Configuration errors are one of the most important root-causes of modern software system failures [10, 11]. In practice, misconfiguration problems may result in security vulnerabilities, application crashes, severe disruptions in software functionality, and incorrect program executions [9, 10, 12, 13]. Although several tools have been proposed to automate configuration error diagnosis after failures occur [3, 5, 6, 7], these tools rely on a manual approach to understand and detect the failure symptoms. The main reasons for this are: (1) entries in configuration files are untyped assignments, (2) there is no explicit structure policy for the entries in configuration files, and (3) there are surprisingly few rules specifying the entries’ constraints.

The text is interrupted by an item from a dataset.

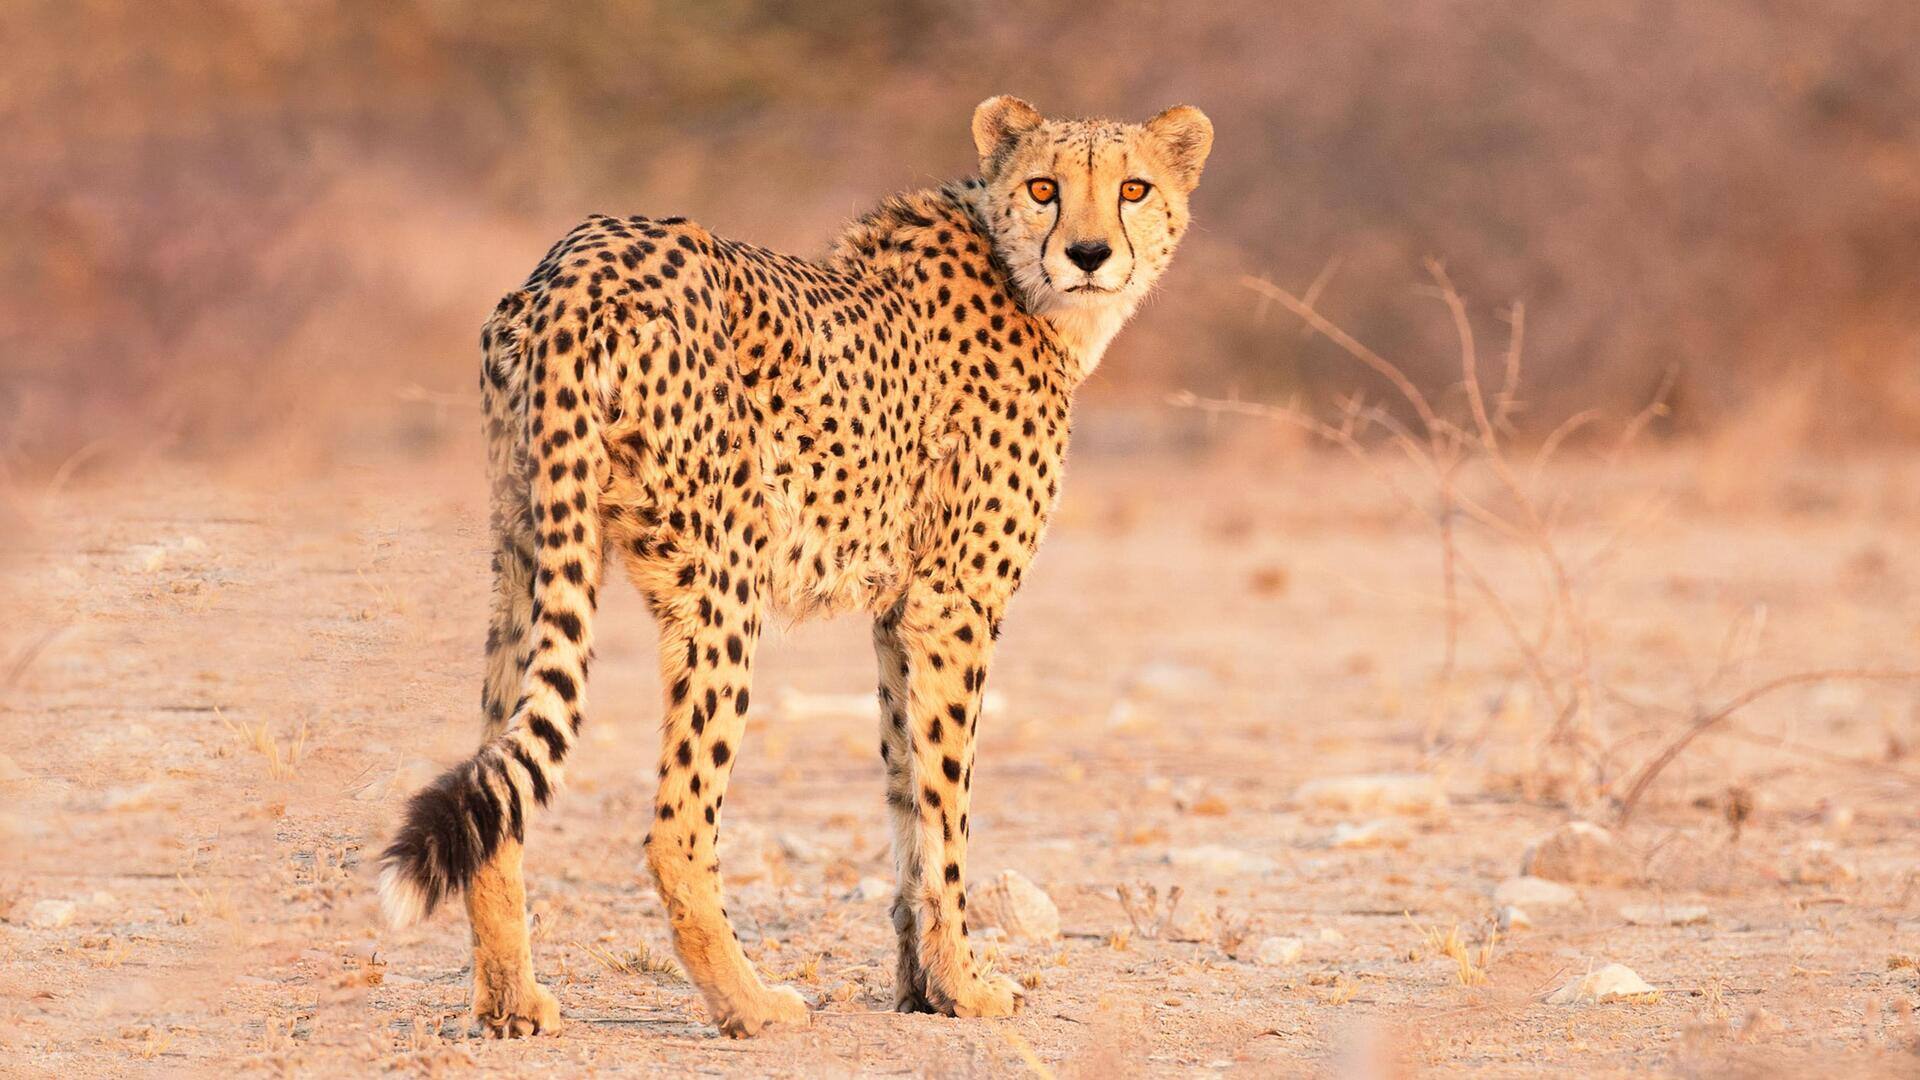 Namibian cheetah: కునో పార్క్ వద్ద నమీబియా చిరుత మృతి.. ప్రాజెక్ట్ ప్రారంభించినప్పటి నుండి 10వ మరణం 

We propose an approach to the verification of configuration files which is based on learning rules about the language model for configuration files. There is no universal definition of a “configuration file”. In general, most configuration files tend to be a series of assignment to system variables. Configuration files generally do not have more complicated language constructs, lest they become a setup script.
Fig. 1.

ConfigC’s workflow. The green boxes represent configuration files, including both correct general configuration files and users’ input configuration files. The purple boxes are the components within  ConfigC. The yellow boxes are results generated by ConfigC’s components.

Figure 1 describes an overview of our system. We start with the assumption that we are given a number of correct configuration files belonging to the same category (for instance, MySQL or Apache). Such files follow similar patterns, which we exploit in a learning algorithm to build rules that describe a language model for the files. Since the “language” of configuration types is untyped and unstructured, we first parse the files and translate them into a more structured, intermediary representation. When running type inference on a configuration file, the type of a variable cannot always be fully determined from a single value. We address this problem by introducing so called probabilistic types. Rather than giving a variable a single type, we assign several types with their probability distributions. We can then use these more structured files as a training set to learn the rules. The learning algorithm is template-based to be easily extensible. We provide an initial set of templates and the learner learns some concrete instances from the training set. These rules are used for detecting errors violating the learned constraints in the files given by the user.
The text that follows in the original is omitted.